On October 24 2015, representatives from 21 Asian countries signed a memorandum of understanding to form a new Beijing-headquartered regional institution, the Asian Infrastructure Investment Bank (AIIB). The countries were: Vietnam, Uzbekistan, Sri Lanka, Thailand, Singapore, Qatar, the Philippines, Pakistan, Myanmar, Oman, Nepal, Bangladesh, Brunei, Mongolia, Malaysia, Laos, Kuwait, Kazakhstan, India, Cambodia, and China.
The AIIB is expected to have an initial authorized capital pool of $100 billion, of which $50 billion will be subscribed capital. Founding members will go back to their respective countries and ratify the treaty, and the bank will be formally established by the end of 2015.
Impact
The foundation of the AIIB is being viewed as a step towards China establishing a regime of international institutions to compete with the post-WWII order (World Bank, International Monetary Fund (IMF), and later the Asia Development Bank (ADB)) – institutions it had no say in forming. The push towards establishing new institutions seems to stem from the fact that the old ones show no sign of reforming to accommodate China’s added weight in international politics. Recall that in the wake of the 2009 global financial crisis, there were increased calls to scrap the informal agreement that sees the head of the IMF a European citizen and the head of the World Bank a US citizen. These calls ultimately fell on deaf ears, meaning that China is essentially being asked to submit to the sole authority of an international institution it has no real chance in reforming to better reflect its own interests. Herein lies the motivation for Beijing to forge ahead with its own institutional approach.

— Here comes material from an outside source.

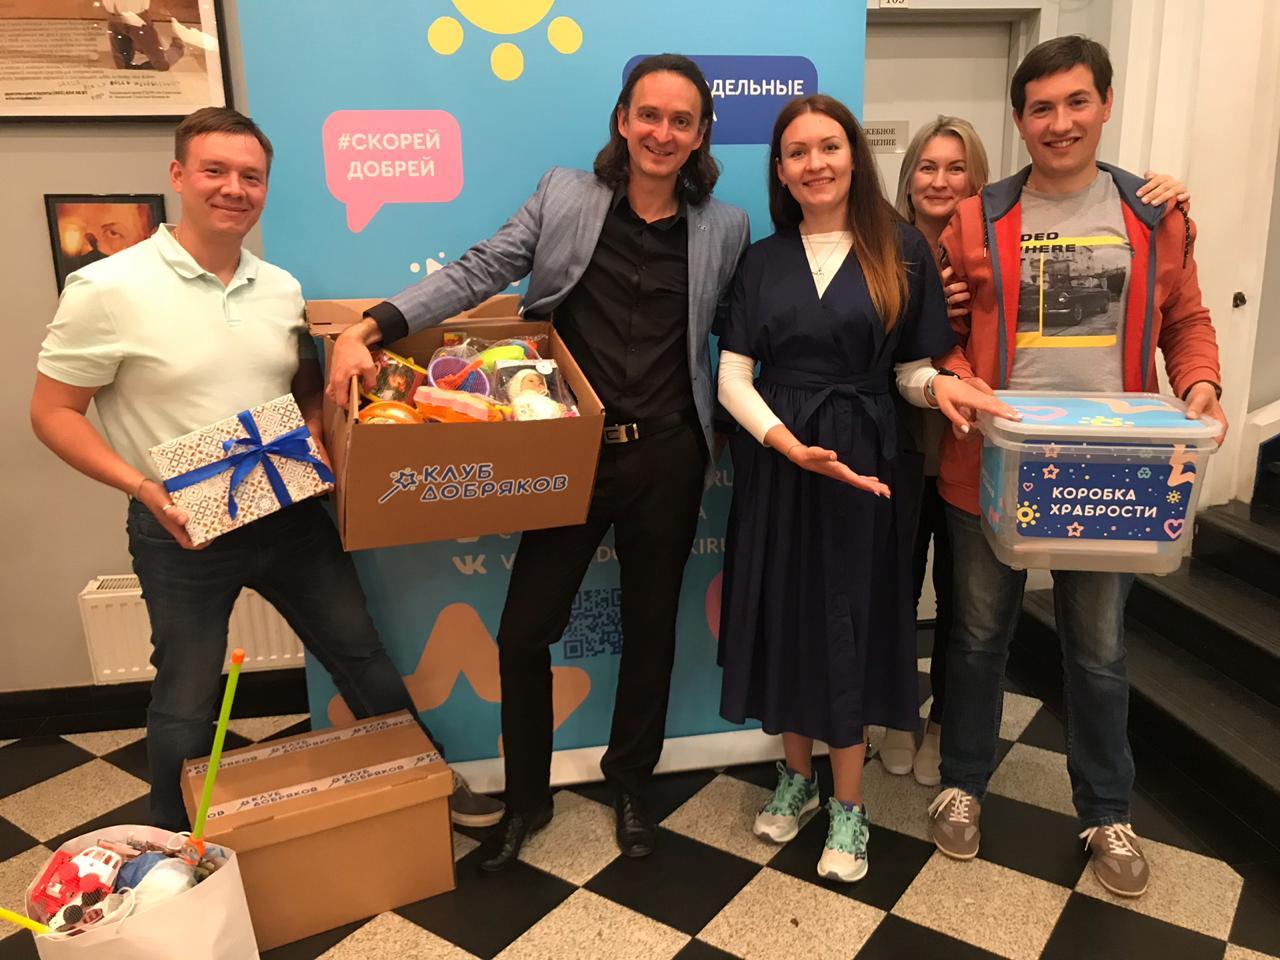 В Москве собрали коробки храбрости на спектакле Сергея Янковского

The Party has tried to downplay the idea that the AIIB will compete with the ADB and the World Bank. A People’s Daily editorial run soon after the signing of the memorandum argued that the AIIB would complement existing institutions and not compete with them, particularly because the existing regime does not overly focus on infrastructure development. In positive terms a new bout of region-wide infrastructure spending would be of obvious benefit in that it would link peripheral economies to Asia’s new economic hub in China.
But fast forward to March 2015 and it’s the normative aspect of the AIIB that is making headlines. China has been negotiating with various Western powers to join the AIIB, and these efforts paid off in a big way last week when the Cameron government agreed to join as a founding member. The United Kingdom is the first Western country to do so, and it reportedly accepted the Chinese terms at face value without attempting to alter them, even as Australia and South Korea are currently negotiating for some assurances on environmental or good governance grounds before ascending to the bank. The Cameron government has consistently been eager to engage with Beijing, and this latest accommodation reflects a desire to make London a global hub for renminbi trading and Chinese investment.